Ist dies so richtig umgesetzt oder könnte man noch etwas verbessern ?

MfG Tiaclagear


----------



## HLX (26. Mai 2008)

So wie ich das Beispiel verstehe, ändert sich bei der Auswahl eines Menüpunktes lediglich der Tabelleninhalt bzw. die Tabellenstruktur.

Dafür bräuchtest du lediglich einen einzigen Controller, der bei der Auswahl eines Menüpunktes die Daten lädt, diese in eine TableModel-Instanz packst und dann der JTable das TableModel über die Methode setModel zuweist. Schließlich hast du nur einen einzigen View, bei dem sich nur der Inhalt ändert.

Zwei Klassen mit identischem Code machen übrigens keinen Sinn. Solltest du aus irgendeinem Grund einen TabellenController benötigen, erstelle nur eine Klasse und mach diese parametrisierbar.


----------



## Tiaclagear (26. Mai 2008)

Dies war auch nur ein Beispiel um mich mit MVC vertraut zu machen.
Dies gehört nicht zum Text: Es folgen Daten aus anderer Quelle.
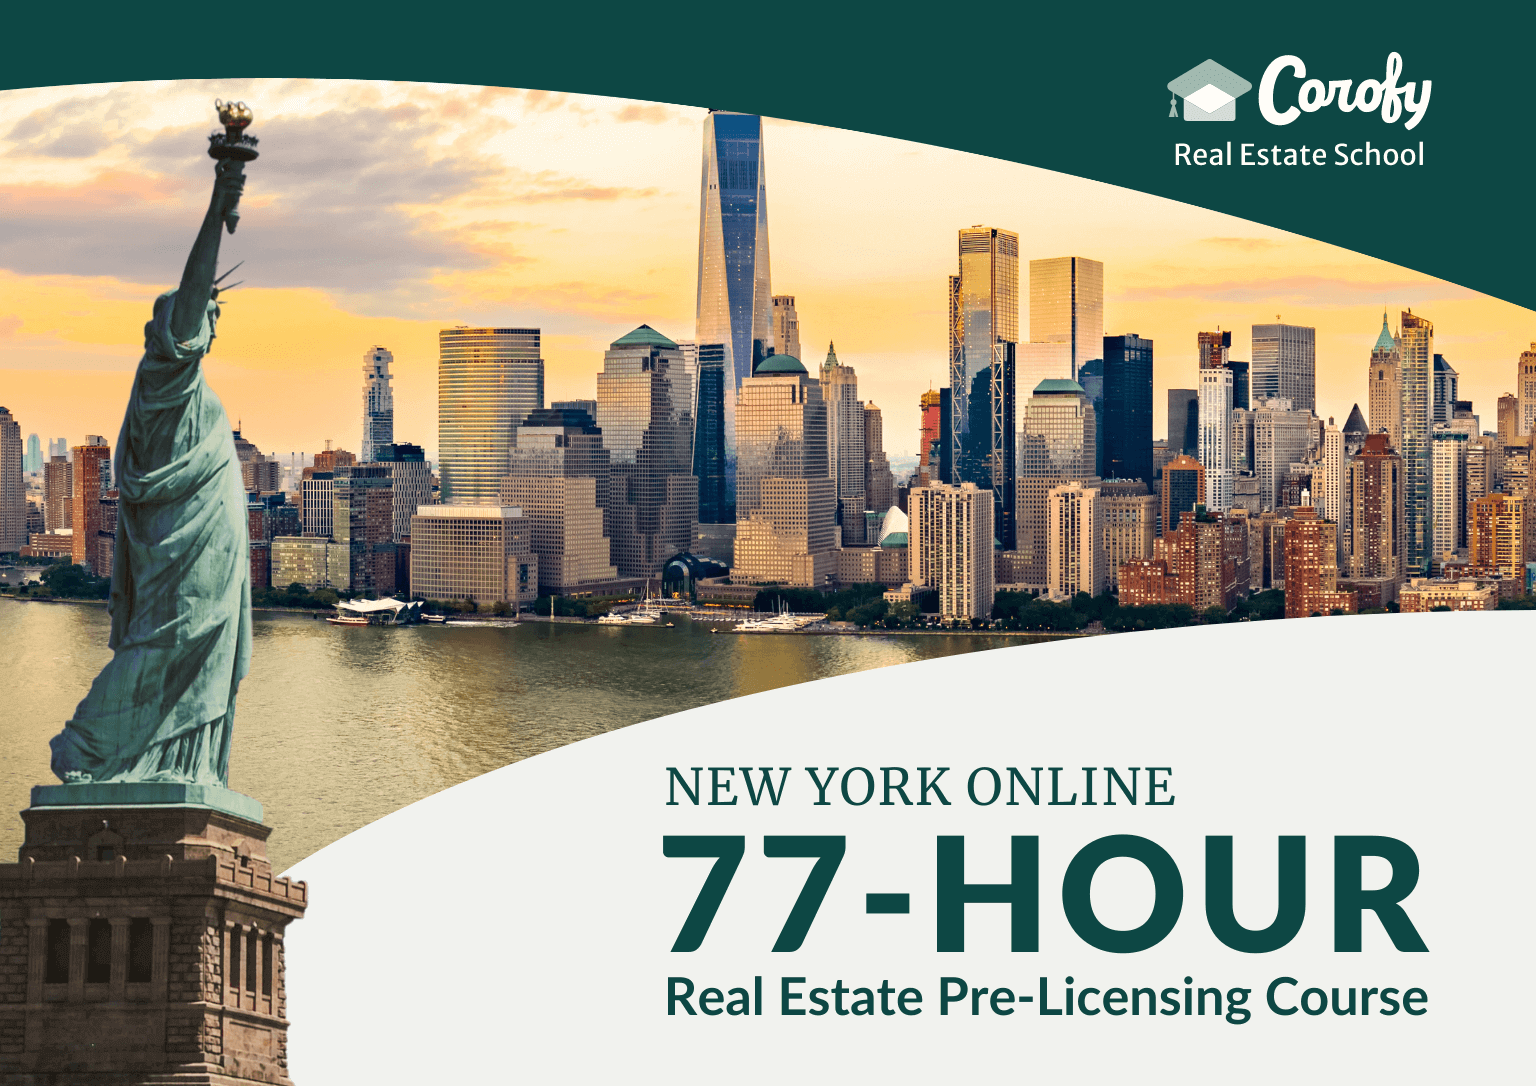 New York Online 77-hour Real Estate Pre-Licensing Course

Der eigentliche Aufbau der Dialoge soll mehr als nur eine Tabelle haben:

Oben - Textfelder für "Neu Anlegen" bzw "Ändern" eines Datensatzes
Mitte - eine Tabelle bzw. auch wieder Textfelder für die Anzeige der Datensätze
Unten - jeweilige Schaltflächen

Das ich mit dem TabellenController die JTables hinbekomme ist mir jetzt klar. Aber wie mache ich dies aber z.B.: für JTextfields oder JCheckBox ?

MfG Tiaclagear


----------



## HLX (26. Mai 2008)

Erstelle zunächst je View einen Controller (View = z.B. JFrame, JInternalFrame oder JDialog). Solltest du unterschiedliche Views durch Panels darstellen (z.B. durch Auswechseln des "Hauptpanels" im Frame, erstelle einen Controller je "HauptPanel". Die Controller behandeln alle Elemente ihres Views.

Controller müssen nicht zwingend von einem Listener abgeleitet sein, sie können auch mehrere Listener definieren.


----------